Signed-off-by: Pierrick Bouvier <pierrick.bouvier@linaro.org>
---
docs/devel/tcg-plugins.rst | 101 +++++++++++++++++++++++--------------
1 file changed, 63 insertions(+), 38 deletions(-)
diff --git a/docs/devel/tcg-plugins.rst b/docs/devel/tcg-plugins.rst
index 954623f9bf1..5d2ebb92977 100644
--- a/docs/devel/tcg-plugins.rst
+++ b/docs/devel/tcg-plugins.rst
@@ -29,8 +29,8 @@ Once built a program can be run with multiple plugins loaded
each with
their own arguments::
$QEMU $OTHER_QEMU_ARGS \
- -plugin contrib/plugin/libhowvec.so,inline=on,count=hint \
- -plugin contrib/plugin/libhotblocks.so
+ -plugin contrib/plugins/libhowvec.so,inline=on,count=hint \
+ -plugin contrib/plugins/libhotblocks.so
Arguments are plugin specific and can be used to modify their
behaviour. In this case the howvec plugin is being asked to use inline
@@ -41,6 +41,14 @@ Linux user-mode emulation also evaluates the environment
variable
QEMU_PLUGIN="file=contrib/plugins/libhowvec.so,inline=on,count=hint" $QEMU
+QEMU plugins avoid to write directly to stdin/stderr, and use the log provided
+by the API (see function ``qemu_plugin_outs``).
+To show output, you may use this additional parameter::
+
+ $QEMU $OTHER_QEMU_ARGS \
+ -d plugin \
+ -plugin contrib/plugins/libhowvec.so,inline=on,count=hint
+
Writing plugins
---------------
@@ -93,11 +101,14 @@ translation event the plugin has an option to enumerate the
instructions in a block of instructions and optionally register
callbacks to some or all instructions when they are executed.
-There is also a facility to add an inline event where code to
-increment a counter can be directly inlined with the translation.
-Currently only a simple increment is supported. This is not atomic so
-can miss counts. If you want absolute precision you should use a
-callback which can then ensure atomicity itself.
+There is also a facility to add inline instructions doing various operations,
+like adding or storing an immediate value. It is also possible to execute a
+callback conditionally, with condition being evaluated inline. All those inline
+operations are associated to a ``scoreboard``, which is a thread-local storage
+automatically expanded when new cores/threads are created and that can be
+accessed/modified in a thread-safe way without any lock needed.

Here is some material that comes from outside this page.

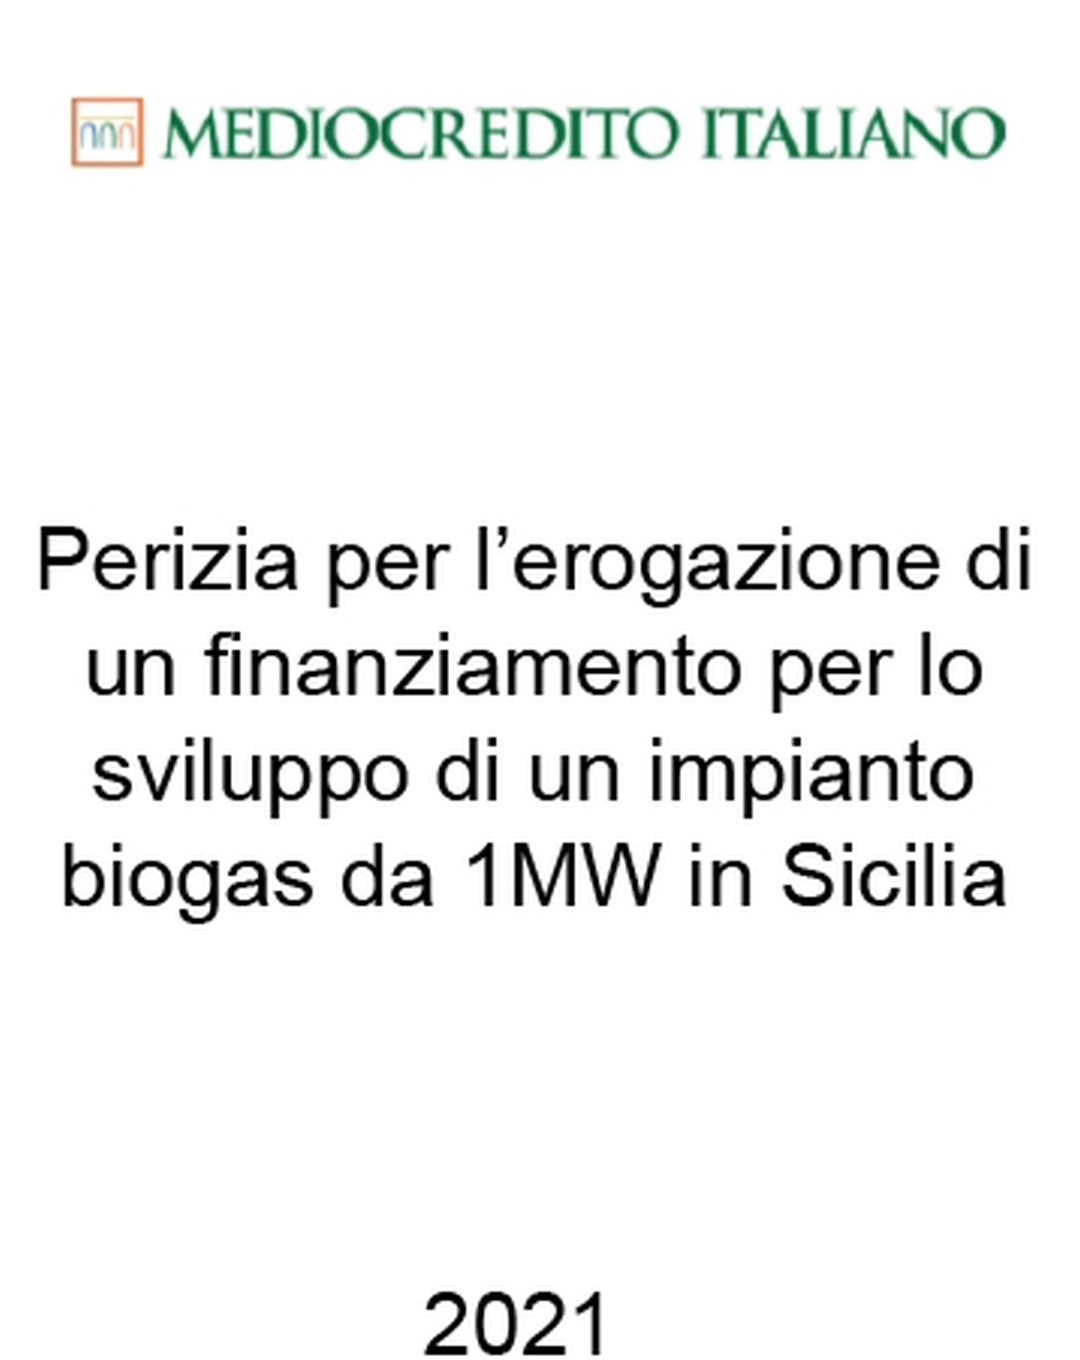 Consulente di Mediocredito Italiano (Gruppo Intesa Sanpaolo) nel finanziamento di un impianto di biogas da 1 MW in Sicilia. Ha agito in qualità di consulente della Banca. Incarico completato nel 2021

Combining
inline
+operations and conditional callbacks offer a more efficient way to instrument
+binaries, compared to classic callbacks.
Finally when QEMU exits all the registered *atexit* callbacks are
invoked.
@@ -117,9 +128,9 @@ However the following assumptions can be made:
Translation Blocks
++++++++++++++++++
-All code will go through a translation phase although not all
-translations will be necessarily be executed. You need to instrument
-actual executions to track what is happening.
+All code will go through a translation phase although not all translations will
+necessarily be executed. You need to instrument actual executions to track what
+is happening.
It is quite normal to see the same address translated multiple times.
If you want to track the code in system emulation you should examine
@@ -135,13 +146,12 @@ change control flow mid-block.
Instructions
++++++++++++
-Instruction instrumentation runs before the instruction executes. You
-can be can be sure the instruction will be dispatched, but you can't
-be sure it will complete. Generally this will be because of a
-synchronous exception (e.g. SIGILL) triggered by the instruction
-attempting to execute. If you want to be sure you will need to
-instrument the next instruction as well. See the ``execlog.c`` plugin
-for examples of how to track this and finalise details after execution.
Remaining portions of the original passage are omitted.